Não é uma ligação tênue, diga-se. Os mazatecas faziam uso espiritual dos cogumelos mágicos, assim como acontece nas religiões da ayahuasca, e não faltam estudos relacionando diretamente o grau da resposta terapêutica à intensidade da viagem mística desencadeada pela psilocibina –embora se debata se o componente espiritual da experiência é necessário para dissolver a rigidez mental por trás desses transtornos.
A retribuição pelo uso de conhecimento tradicional está prevista em vários tratados internacionais, da Convenção da Biodiversidade (1992) aos protocolos de Cartagena (2000) e Nagoya (2010).
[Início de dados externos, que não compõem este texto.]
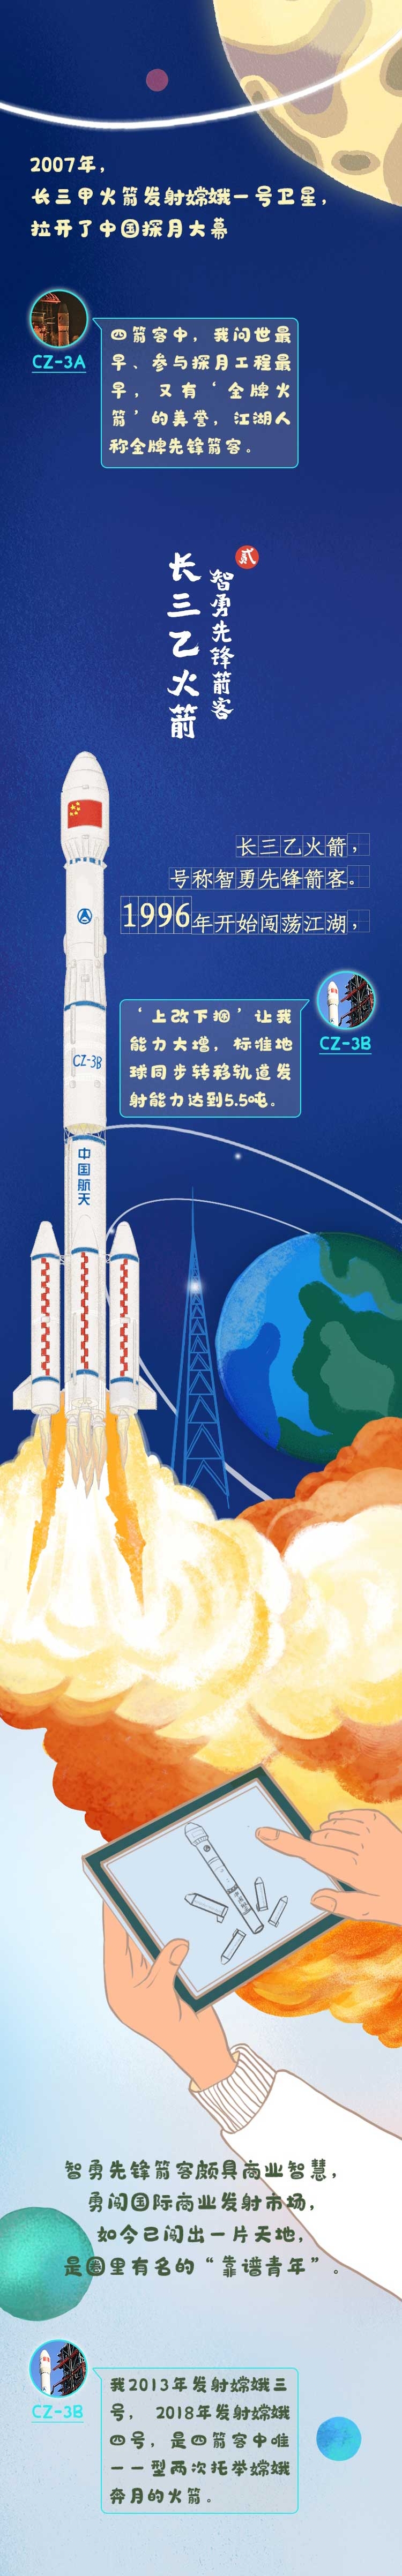 中国探月四箭客:16年6次发射,成功率100%!

No entanto, as boas intenções consagradas nessas normas raramente acabam postas em prática.
Pelo andar da carruagem dourada em que a ciência psicodélica ressurge na praça, a esta altura pode parecer ingênuo esperar que mazatecas recebam compensação digna da Compass pela tecnologia sábia de Maria Sabina e seus ancestrais. Nunca é demais lembrar, contudo, que esse ramo de pesquisa é caudatário de uma revolução libertária nos costumes e nos valores, a contracultura dos anos 1960/70, sem a qual o antirracismo e o decolonialismo jamais teriam chegado ao presente.
O Instituto Chacruna, sediado na Califórnia, promove há muito tempo discussões sobre apropriação cultural e reciprocidade com povos indígenas. Em 2017, o Instituto sediou a conferência Plantas Sagradas nas Américas, em Ajijc, no México, trazendo lideranças mazatecas para o circuito psicodélico contemporâneo.
A segunda edição está prevista para abril de 2021, quando será lançada a iniciativa Indigenous Reciprocity of the Americas, para estimular que usuários individuais de substâncias psicodélicas e novos empresários passem a considerar as raízes desse movimento e a exercer reciprocidade. “Infelizmente os ocidentais têm uma visão em geral reducionista desses temas”, lamenta Bia Labate, antropóloga brasileira que dirige o Chacruna.
“Da mesma forma que a esposa de Gordon Wasson, Valentina, foi excluída das principais narrativas do mainstream psicodélico, há pouco reconhecimento ao papel dos povos tradicionais na origem dos conhecimentos da ciência psicodélica. Também há uma tendência a um ‘mazatecocentrismo’, atribuindo a esse povo o conhecimento único e original com sobre cogumelos, quando existem vários grupos que fazem uso dessas práticas.”
“Precisamos decolonizar nossa ciência. Mas reciprocidade não é apenas doar dinheiro, e sim aprender a escutar, mover-se lentamente, criar relações duradouras e projetos horizontais, em colaboração mútua. Às vezes, aceitar que populações indígenas podem não estar interessadas nessa relação.”